Boris Johnson vowed in 2019 to “level up” healthcare with more NHS staff and 40 new hospitals. But many of the “new” hospitals were refurbs of existing ones. NHS England still has 100,000 vacancies and is enduring its worst staffing crisis.
We visit a hospital where medics say staff shortages are the main barrier to cutting the huge treatment backlog.
One in 10 people are on the NHS waiting list – and many of them are in constant pain. I spoke to patients at New Cross Hospital in Wolverhampton about how they cope while awaiting surgery.
Long waits worsened by the pandemic mean patients have deteriorated when they are seen, with, for example, more in wheelchairs needing joint replacements.
Hospitals are struggling after decades when bed numbers were slashed under the proviso that more patients could be cared for in the community.
A collapse in social care means a growing proportion of hospital beds are taken by elderly patients who are fit for discharge but have nowhere safe to go.
Patients awaiting routine operations described living in pain and being unable to walk or climb stairs.
Retired teacher Susan Martin, 76, has osteoporosis. The pain is so bad she struggles to get out of bed some days.
She injured ligaments in her shoulder five years ago carrying shopping bags.
Susan said: “Just before the pandemic I had a scan on my shoulder. The physio... said he didn’t recommend an operation, but I did wonder whether they were saying that because I was old and they have a lot of people to get through.
“Now I can’t even hoover. I put up with it but now I have problems with my shoulder and back, which has a squashed disc which catches a nerve.
“Some days I don’t want to get out of bed. I would sit on the sofa all day because then the pain would go away.”
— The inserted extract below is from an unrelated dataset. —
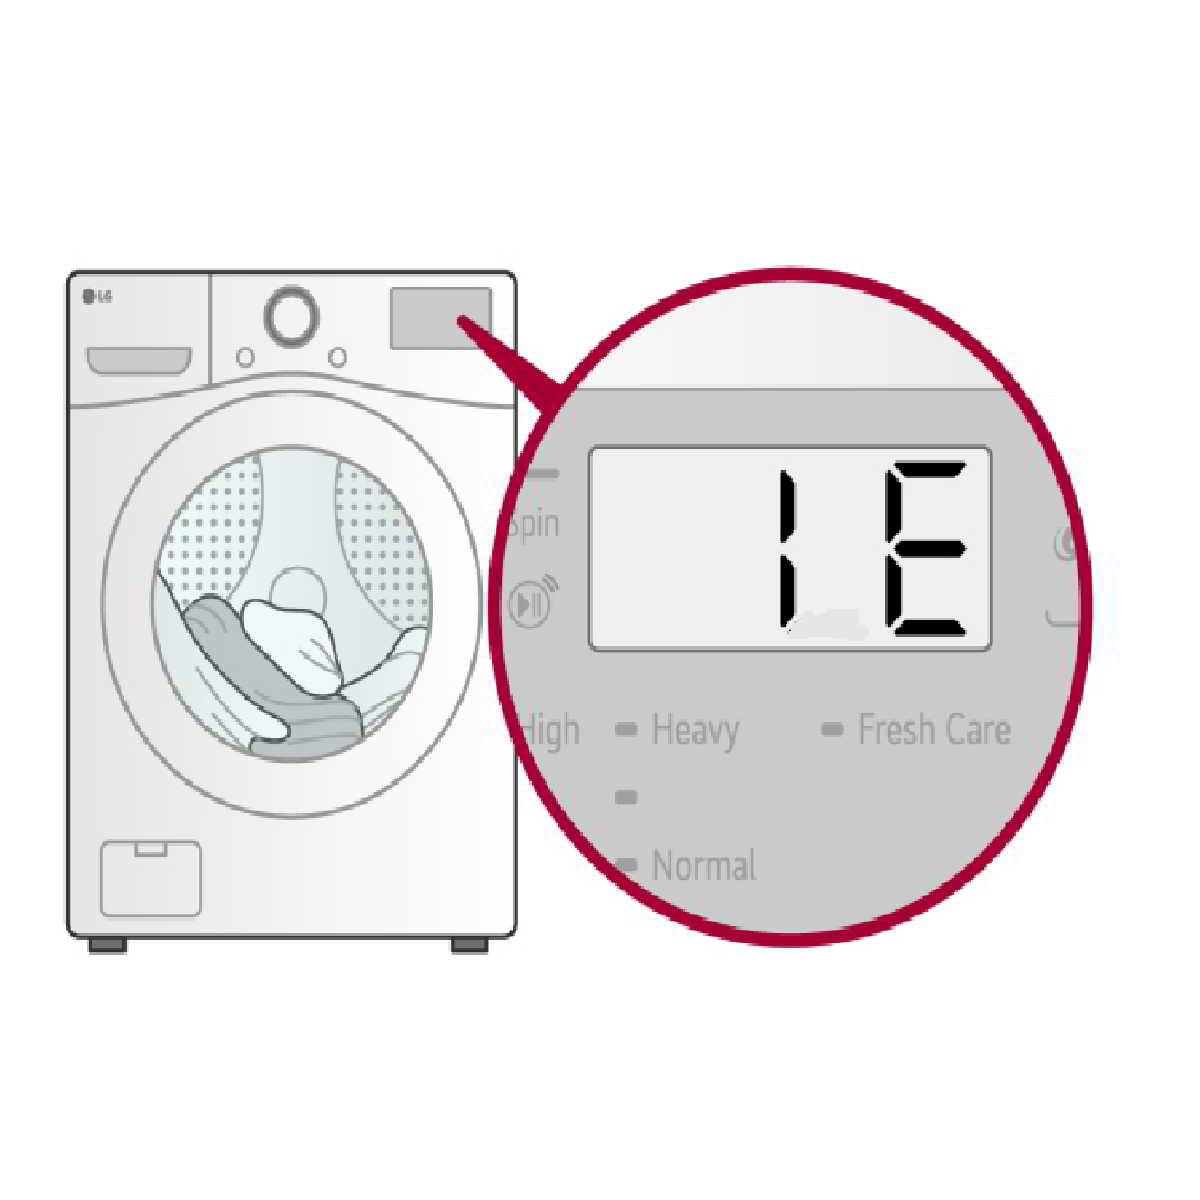 LG washer IE code during rinse cycle

Norman Westwood, a retired college dean, was told surgeons would first try steroid injections but he may need a knee replacement.
Norman, 77, said: “The pain is worst at night when you are trying to get to sleep. It got worse and worse and I thought ‘I’ve got to do something about it’.”

Guidance for hospitals is to not routinely have more than 85% of beds being taken up.
It allows ambulances to unload and wards to cope with a sudden influx of patients.
Average bed occupancy since 2017/18 has been over 90%. One way things have been worsened by the pandemic is some beds have to be mothballed to keep Covid and non-Covid patients apart.
Nationally, NHS hospital bed occupancy was at an average of 94% at the start of December and is rising.
I asked Dr Brian McKaig, chief medical officer at the Royal Wolverhampton NHS Trust, when the health service is likely to return to operating at around 85% bed occupancy.
“That seems to be long gone,” he said. He added changing things will require a major increase in community nurses, physiotherapists and social care staff.
He said that in some places ambulances take patients to A&E but “there aren’t any beds for them to go in to”.
He said compared to almost any other developed nation “we are way behind in terms of doctors and nurses per capita”.
At any one time New Cross has 80 to 100 patients fit for discharge but who cannot leave because there is no social care package in place. This is up from between 30 and 40 two years ago.
Increasing patient demand from the ageing population is outstripping Government funding for the NHS.
New Cross coped better than most hospitals at working through its treatment backlog before the pandemic.
On the delay in seeing patients, consultant surgeon Eric Isbister, who specialises in hip and knee replacements, said: “Previously they may have been able to be treated with steroids and physiotherapy – now they are more likely to require surgery.”
Consultant surgeon Richard Dias said even if they doubled pre-pandemic capacity, some hospitals would take until 2035 to clear their backlog. He said staff shortages is the main problem, particularly in nursing.
He added: “What they pay nursing staff, sometimes is like a slap in the face.”
With GPs facing overwhelming workloads, Susan Martin, who also cares for her husband, 78, who is recovering from cancer, said: “It’s hard to see the GP now. We have to phone and ask the doctor to call back. It can take five days. Sometimes we want to see the doctor but all we get is a call.”
The most striking thing about all the patients I spoke to is none blamed the NHS.
Retired nurse Barbara Wilson, 70, had lived with pain for five years and is now due to have two new hips. She struggles to even put her shoes on and was taking morphine daily. “It’s my fault for not coming forward earlier,” she said.
Millions more are expected to join the waiting list with serious conditions they delayed coming forward with due to the pandemic. Clearing the record backlog and reversing the decade-long trend of rising waiting times could be the health service’s biggest ever challenge.
The Department of Health and Social Care said: “The pandemic has put enormous pressure on services, so we’re supporting the NHS with unprecedented funding and support to ensure people get the treatment they need.
“We’re providing an extra £5.4billion to the NHS to respond to Covid up to April, including £478million to free up beds, with £2bn this year and an extra £8bn over the next three years to cut waiting times and [for] an extra nine million checks, scans and operations.”